Никакими логическими ухищрениями, никакими тончайшими рассуждениями нельзя распутать это противоречие, честно и до конца убедительно его преодолеть. И все же наше сердце его преодолевает, и в вере, в особом, высшем акте «сердечного знания», мы ясно усматриваем самоочевидную наличность условий смысла жизни — очевидность всемогущества Правды и полную, совершенную угвержденность нас самих, всего нашего существа, в ней.<...> И только по слабости нашей мы в жизни постоянно теряем уже достигнутую самоочевидность и снова впадаем в сознание ее «невероятности», в мучительные сомнения.

Когда мы с величайшей интенсивностью духовной воли вдумываемся или, вернее, разумно вживаемся и вчувствываемся в то высшее начало, которое явно предстоит нам как сущая Правда, то мы с совершенной очевидностью убеждаемся, что Правда и подлинное Бытие есть одно и то же. Правда не только просто есть; и она есть не только Правда. Она есть вместе с тем то, что мы называем в последнем, глубочайшем смысле жизнью, бытием; она есть наша абсолютно твердая и единственная почва, и вне ее все висит в воздухе, замирает; она есть то, противоположность чего есть небытие, смерть, исчезновение. В ней все укрепляется, приобретает прочность и полноту, расцветает и дышит полной грудью; вне ее все засыхает, отмирает, бледнеет, вянет и задыхается.<...>

Совершенство не может быть только «идеалом», его нет ни в чем, что не есть, а только «должно быть». Какое же это совершенство — быть только призраком, тенью, сном человеческой души? То, что мы разумеем под совершенством и чего мы ищем как единственного абсолютного блага, есть, напротив, само бытие. Последняя, чаемая нами, абсолютная глубина бытия, последняя его почва, — и высшее благо, совершенство, совершенная радость, блаженство и светлый покой есть одно и то же. Этого дальше нельзя разъяснить, этого никаким производным образом нельзя доказать, и для эмпирического сознания это всегда есть парадокс или голословное утверждение; для сердечного же знания это есть самоочевидная истина, не требующая никакого доказательства и не допускающая его именно по своей очевидности. Это есть простое описание того, чем живет наше сердце и что для него есть не субъективное его «чувство» или «мечта», а самоочевидно раскрывающаяся последняя глубина сущего. Последнее, абсолютное бытие есть блаженство и совершенство; и наоборот: блаженство и совершенство есть последнее, глубочайшее бытие, основа всего сущего — так воочию раскрывается перед нами последняя тайна бытия. Лучший образец и символ этой тайны есть, как мы уже говорили, любовь. Ибо любовь, истинная любовь, и есть не что иное, как радость жизни, или жизнь как полнота радости — внутреннее, неразрывное единство жизненной полноты и интенсивности, удовлетворения. Жажда жизни и бытия с радостью, блаженством, счастьем. И потому мы понимаем, что «Бог есть любовь». «Любовь от Бога, и всякий любящий рожден от Бога. Кто не любит, тот не познал Бога, потому что Бог есть любовь». (Поел. Иоанна, 4,7,8.) «Бог есть любовь, и пребывающий в любви пребывает в Боге, и Бог в нем». (Поел. Иоанна, 4, 16.)
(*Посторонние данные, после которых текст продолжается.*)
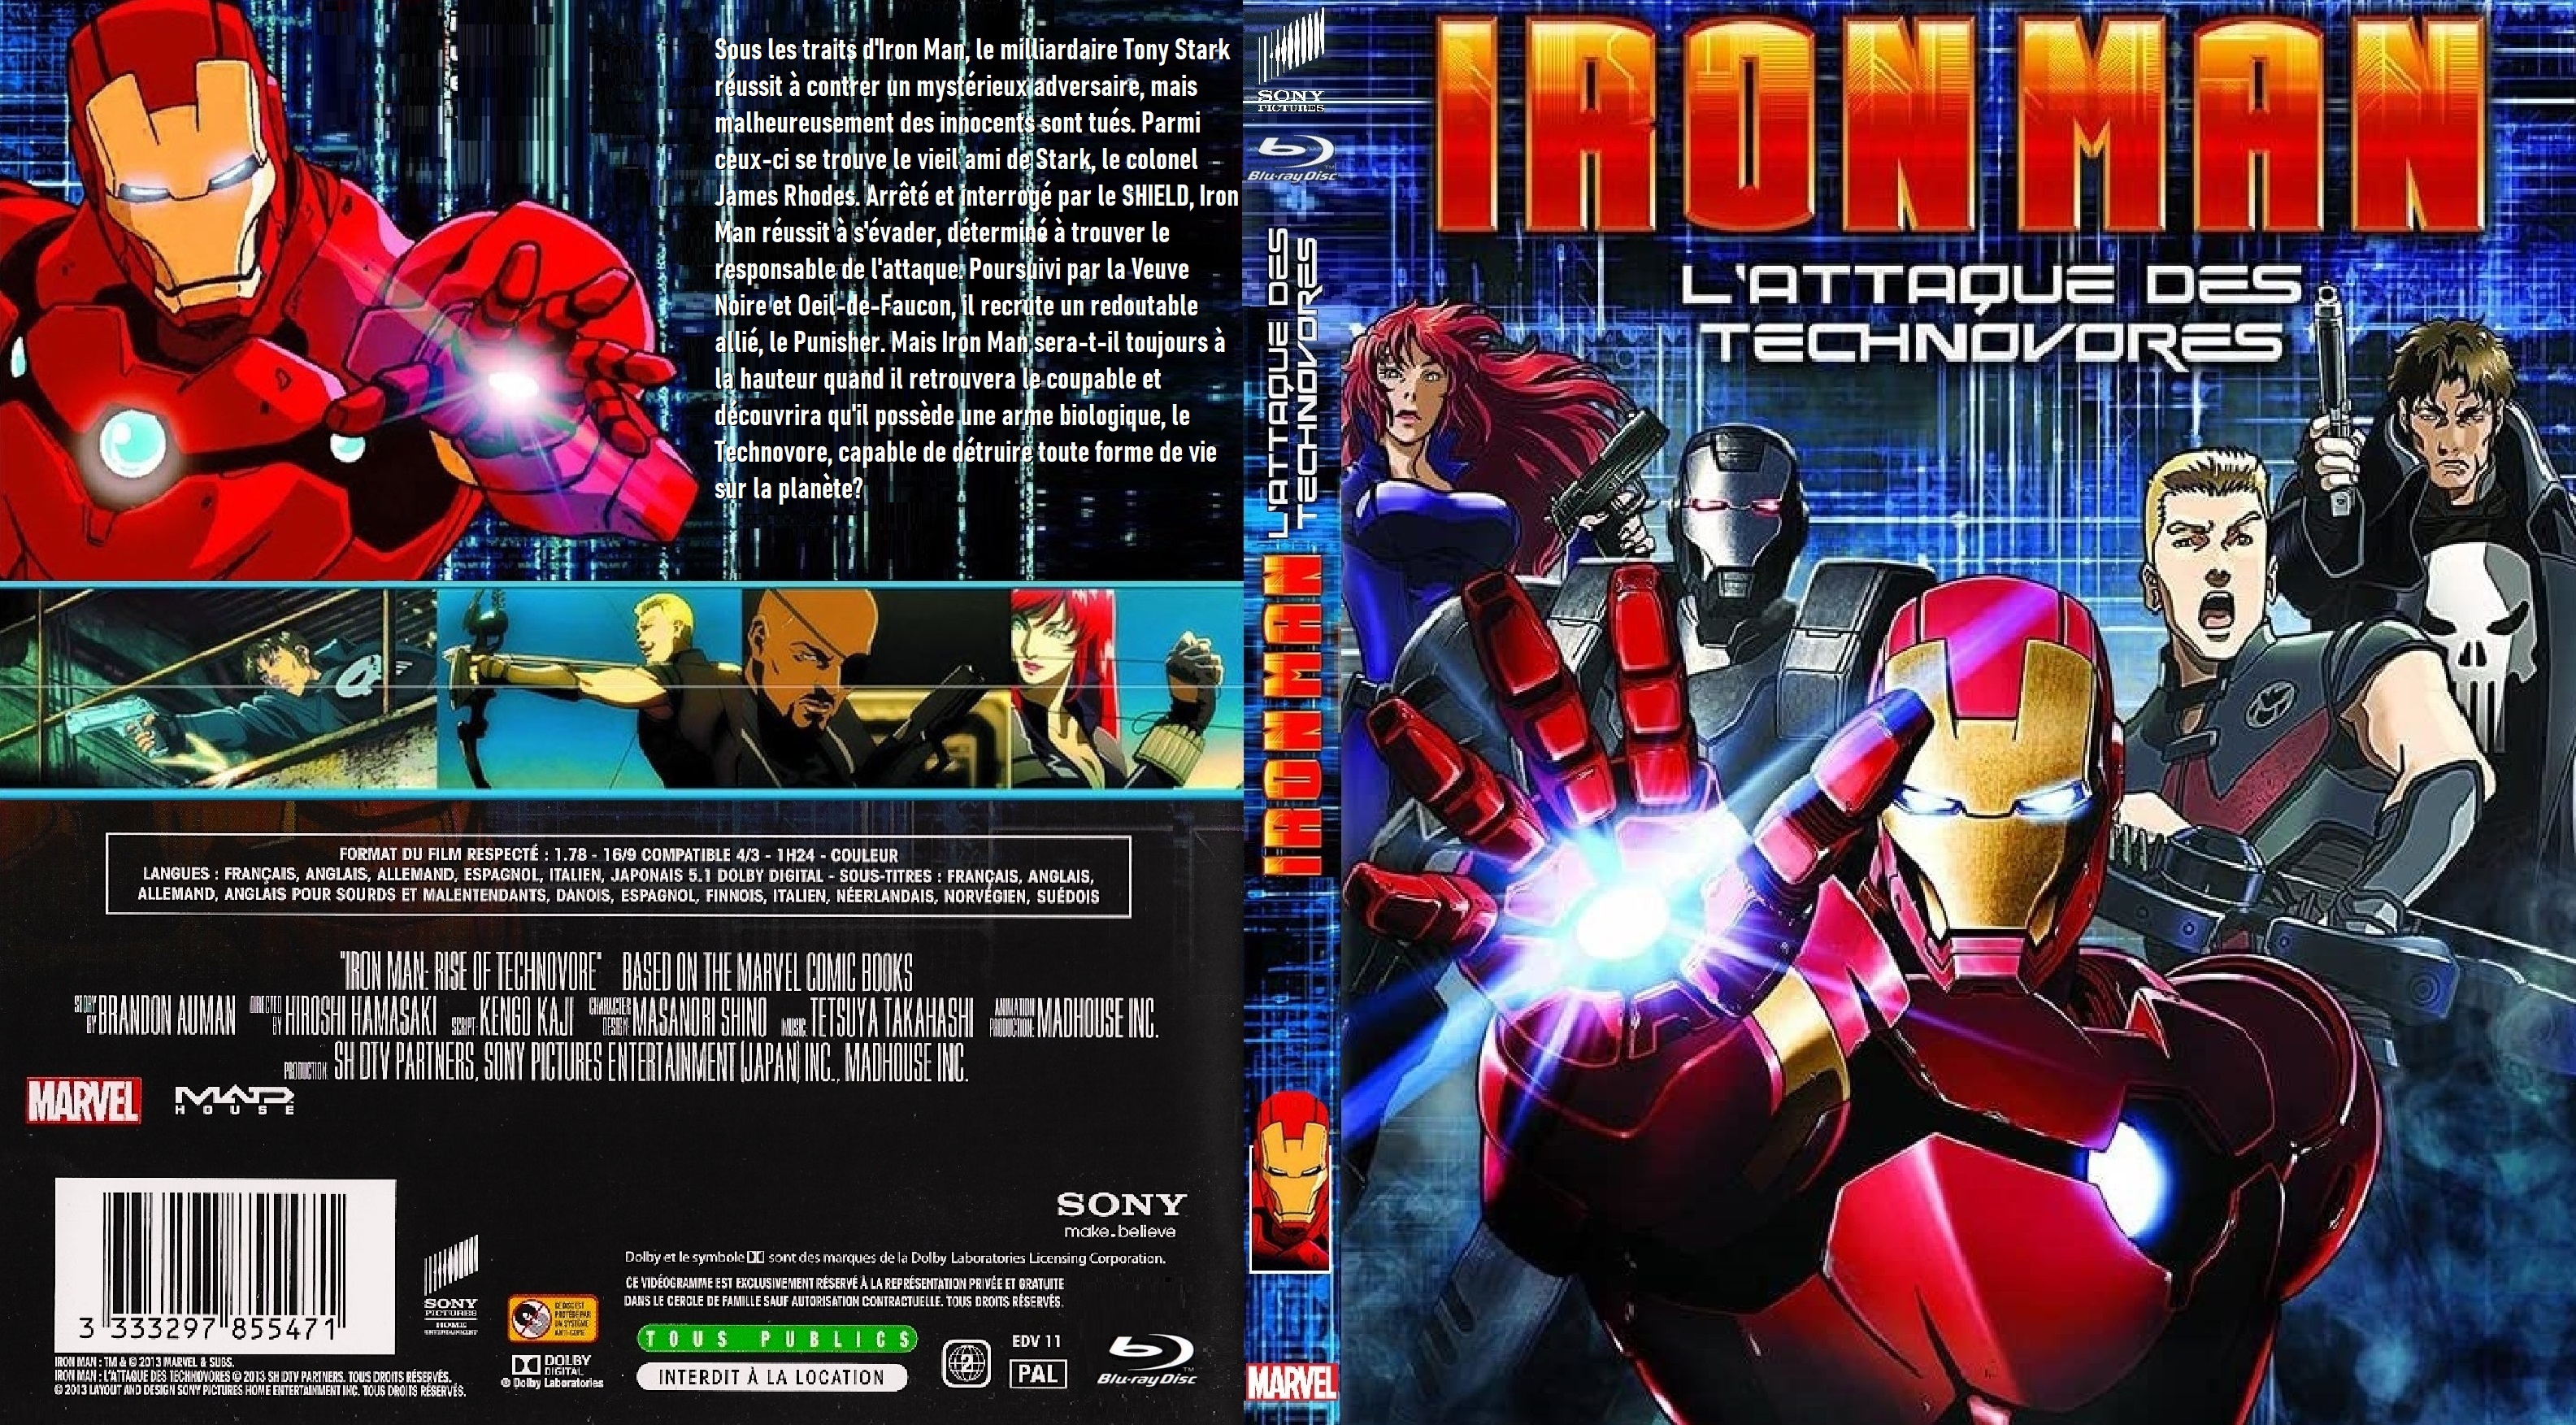 Jaquette DVD Iron Man L

В этом — существо религиозной веры. Это сознание тождества последних глубин бытия с абсолютным совершенством, благостью и блаженством есть то последнее проникновение в тайну бытия, которое спасает нас от ужаса жизни. (В человеческой душе живут два основных, глубочайших чувства, образующих как бы последние два корня, которыми она соприкасается с абсолютным. Одно есть чувство ужаса и трепета перед глубиной и безмерностью бытия, перед бездонной бездной, со всех сторон нас окружающей и готовой ежемгновенно нас поглотить; другое есть жажда совершенства, счастья, умиротворения, последнего светлого и согревающего приюта для души. Душа наша раздирается противоположностью этих двух чувств, она мечется, то охваченная паническим ужасом перед безмерностью бытия, то привлеченная неизъяснимой сладостью мечты о спасении и успокоении. В наших смутных и слепых страстях, в бешенстве исступления, в оргийном опьянении вином и половой страстью, в взрывах ярости, мы испытываем больное, извращенное единство этих противоборствующих сил: сам ужас здесь дает мимолетное наслаждение, само наслаждение наполняет сердце ужасом.

Есть упоение в бою И бездны мрачной на краю. Все, все, что гибелью грозит, Для сердца смутного таит Неизъяснимы наслажденья.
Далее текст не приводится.